Correction, the pastebin should be the following:

http://pastebin.com/A5Upvr31

Sorry!

bzimport added a comment.Via ConduitJul 31 2011, 9:40 PM

mattwj2002 wrote:

Bugzilla is having issues. When I post the link it is changing it. I am trying it with a space.

http://pastebin.com/ A5Upvr31

MarkAHershberger added a comment.Via ConduitAug 1 2011, 1:31 PM

link problem at Bug 30161

brion added a comment.Via ConduitAug 3 2011, 2:20 PM

I'm definitely seeing a verrrry slow upload of a 78mb Ogg file to Commons, though I can't be sure whether it's the server end or the Wikimania network.

It seems to be spiking up briefly, then halting for a while, which could be an indication of lost packets delaying the upload stream as it waits to time out.

Peaks are 60-130 KB/sec, but ongoing rates are often ..... 6, 12, 25.

Prolineserver added a comment.Via ConduitAug 3 2011, 8:55 PM

I cannot upload files ~2-3MB from the toolserver eighter:
Uploading file to commons:commons via API....
<urlopen error timed out>

WARNING: Could not open 'http://commons.wikimedia.org/w/api.php'. Maybe the server or your connection is down.
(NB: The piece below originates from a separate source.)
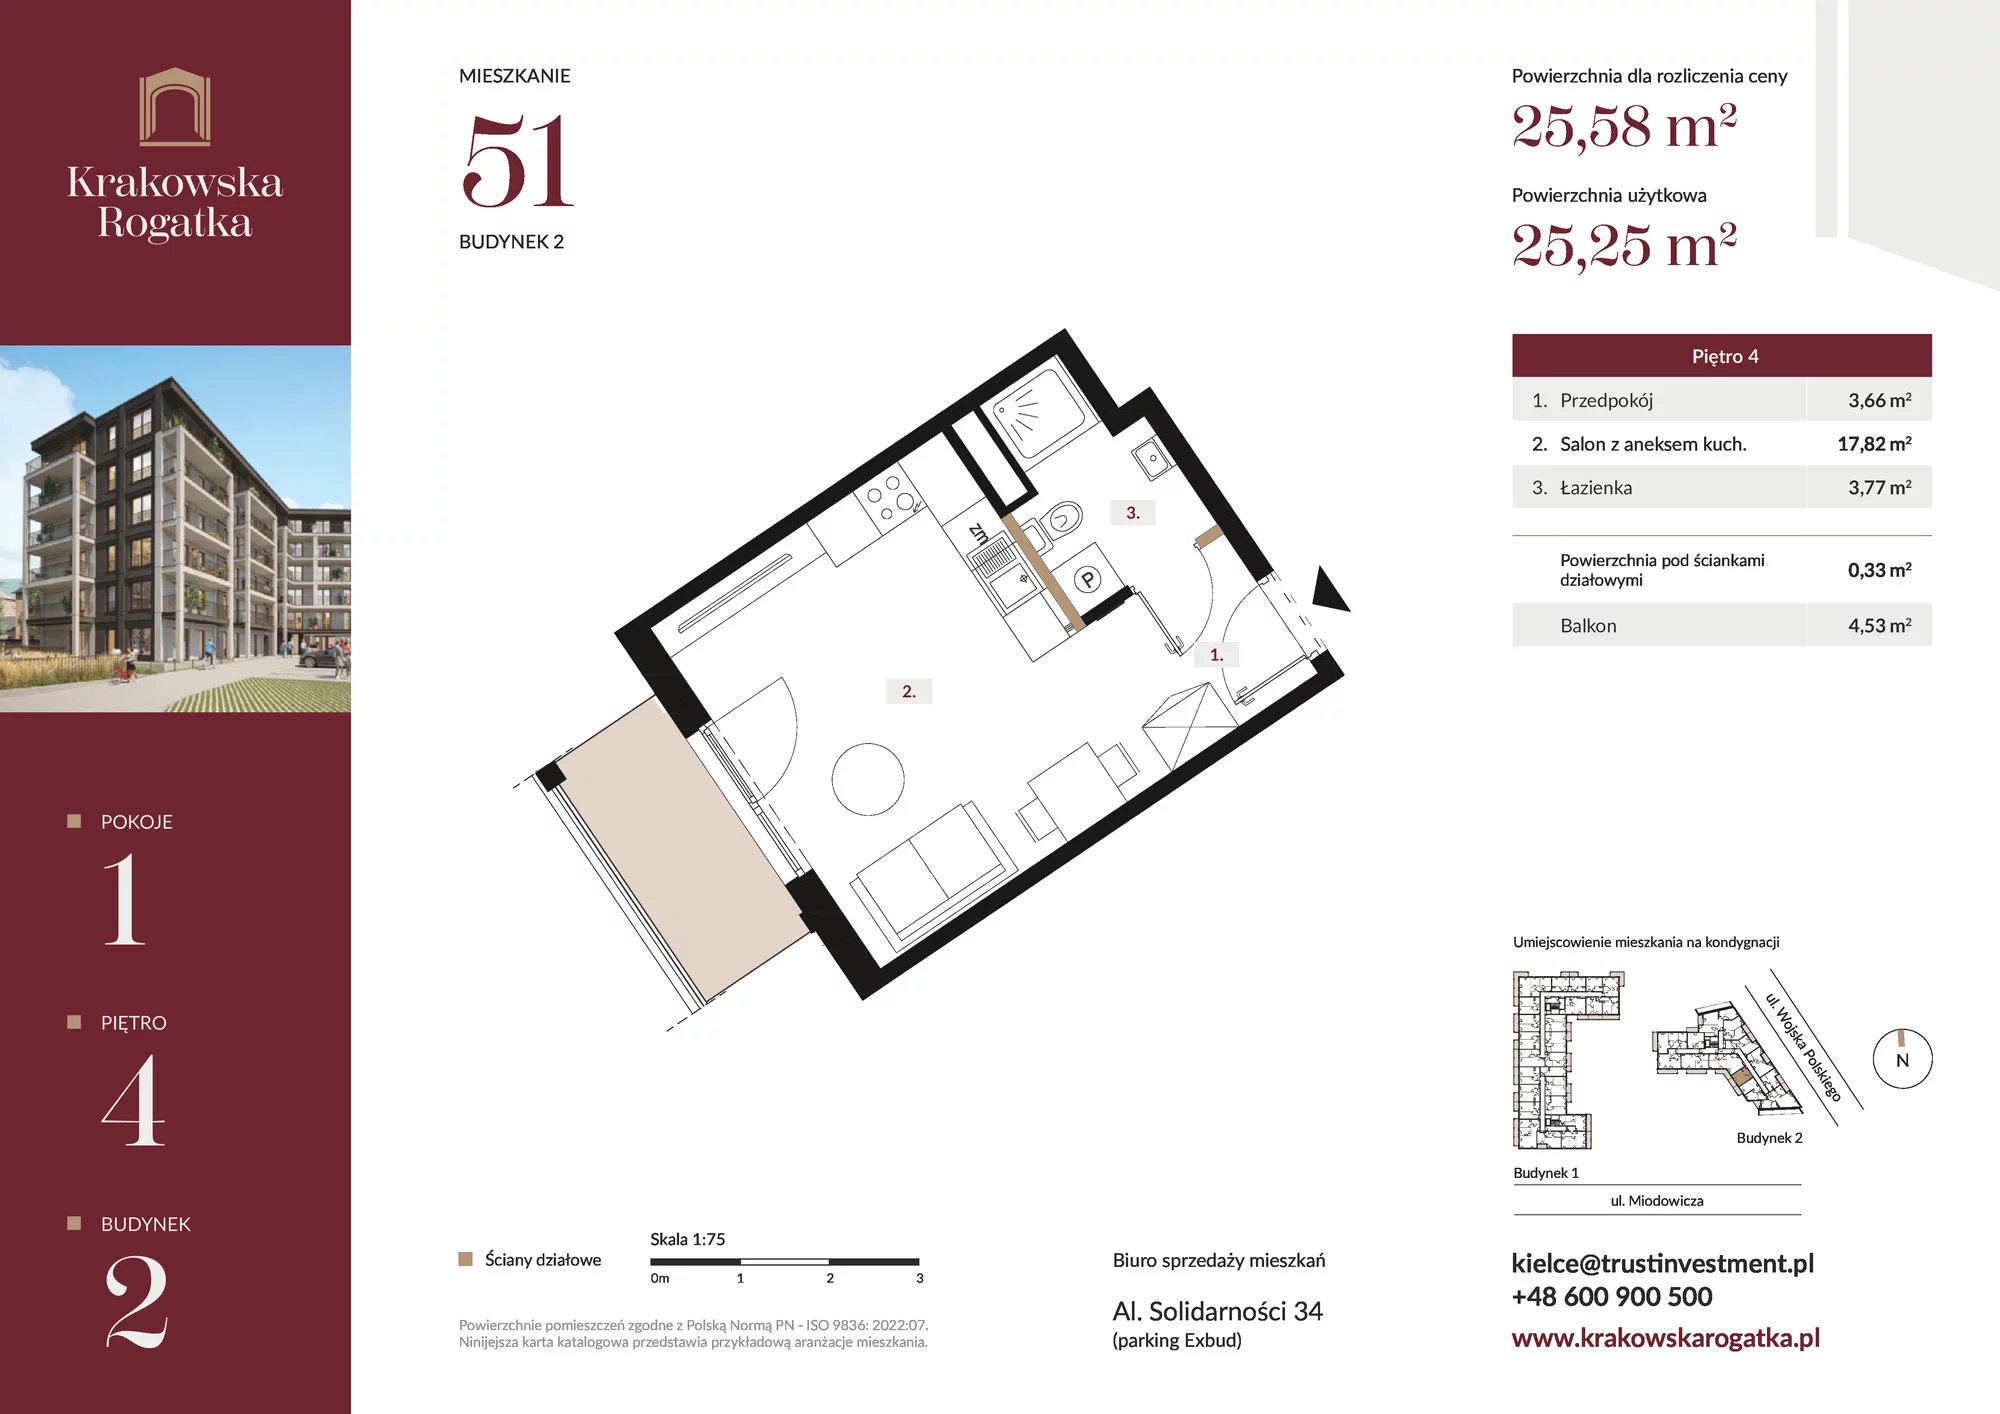 Mieszkanie 25,58 m², piętro 4, oferta nr Budynek 2 Mieszkanie 51, Krakowska Rogatka, Kielce, ul. Miodowicza 1

Retrying in 1 minutes... <urlopen error timed out> WARNING: Could not open 'http://commons.wikimedia.org/w/api.php'. Maybe the server or your connection is down. Retrying in 2 minutes... <urlopen error timed out> WARNING: Could not open 'http://commons.wikimedia.org/w/api.php'. Maybe the server or your connection is down. Retrying in 4 minutes...
bzimport added a comment.Via ConduitAug 5 2011, 7:07 AM

ralf wrote:

in the Commonist 0.4.17 "unexpected response: HTTP/1.0 502 Bad Bateway)

bzimport added a comment.Via ConduitAug 5 2011, 10:51 AM

sumanah wrote:

Just heard another report of this from Martina Nolte, who ten minutes ago tried again to upload via Commonist: "Commonist now starts to upload a second image and then fails with "HTTP/1.0 502 Bad Gateway"."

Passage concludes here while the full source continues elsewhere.